Comment on attachment 8958370 [details] [diff] [review]
Check for overflow

[Approval Request Comment]
> If this is not a sec:{high,crit} bug, please state case for ESR consideration:

This has been rated moderate and it's doubtful whether the conditions for exploiting the bug ever exist in the wild. Most notably, it's unclear if a legacy extension that calls nsIScriptableUnicodeConverter.convertFromByteArray() with Uint8Array argument exists.

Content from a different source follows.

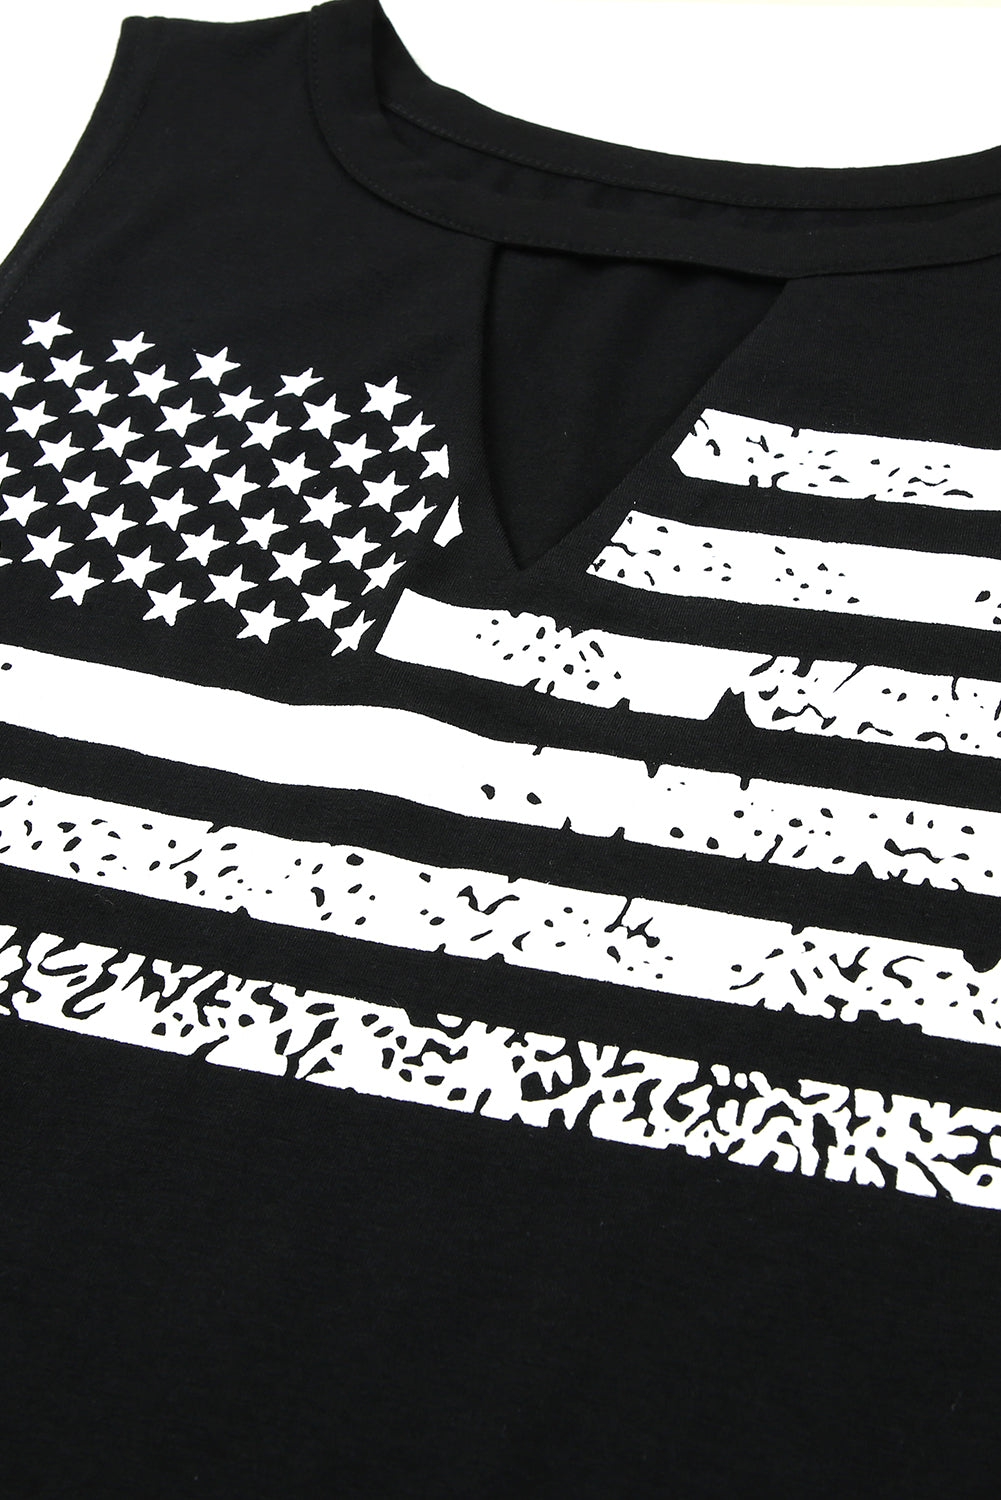 Crna majica bez rukava s printom američke zastave

However, if the conditions existed in the wild, this would lead to sec-critical-like consequences.

> User impact if declined: 

If
 * The user is using a 64-bit ESR build
AND
 * A legacy extension that converts a JavaScript Uint8Array to a JS string using nsIScriptableUnicodeConverter.convertFromByteArray() exists.
AND
 * The user has the extension installed.
AND
 * The extension reads an unbounded amount of attacker-provided input into the Uint8Array.
AND
 * The attacker has previously caused the Firefox process to get a contiguous range of 1.3 GB or more of writable pages mapped to the addresses starting from the address that jemalloc returns for a zero-sized or tiny allocation. (AFAICT, otherwise the step of trying to convert 2 GB of bytes into UTF-16 gets the process terminated on accessing a write-only page or an unmapped page before anything worse can happen. I don't know how many write-only guard pages we sprinkle around.)

THEN

Memory-safety ensues, the attacker gets to overwrite a massive part of the heap with almost any data of the attackers choice (any byte pattern except unpaired surrogates) and the usual badness that comes with such overwriting is possible.

> Fix Landed on Version:

This was fixed in 56 in a different way. This ESR-only patch hasn't landed (and won't land) on any non-ESR branch.

> Risk to taking this patch (and alternatives if risky): 

Extremely low risk.

> String or UUID changes made by this patch: 

None.

Comment 10

[Henri Sivonen (:hsivonen)]

(In reply to Henri Sivonen (:hsivonen) from comment #9)
> Memory-safety ensues

unsafety

Comment 11

[Henri Sivonen (:hsivonen)]

Considering that this is not going to land on trunk regardless of ESR approval, are the request flags here such that this shows up on the right queries? (I.e. is the lack of either + or - here a matter of just not having decided yet or a matter of falling off queries, because there's no trunk landing status?)

Comment 12

[Ryan VanderMeulen [:RyanVM]]

It shows up, we're just not looking at requests for 52.8 yet.

Comment 13

[Ryan VanderMeulen [:RyanVM]]

Comment on attachment 8958370 [details] [diff] [review]
Check for overflow

Harden ESR52 against possible overflow conditions. Approved for 52.8.

Comment 14

[Ryan VanderMeulen [:RyanVM]]

https://hg.mozilla.org/releases/mozilla-esr52/rev/17201199b18d

Comment 15

[Daniel Veditz [:dveditz]]

Going to minus for the bug bounty because there's no risk to most Firefox. Users would have to have installed an unintentionally malicious legacy add-on (it it's intentionally malicious it already has all the power) that uses this feature in a way content can influence.

Comment 16

[Henri Sivonen (:hsivonen)]

Can we unhide this, considering that the last ESR that required keeping this hidden was 52?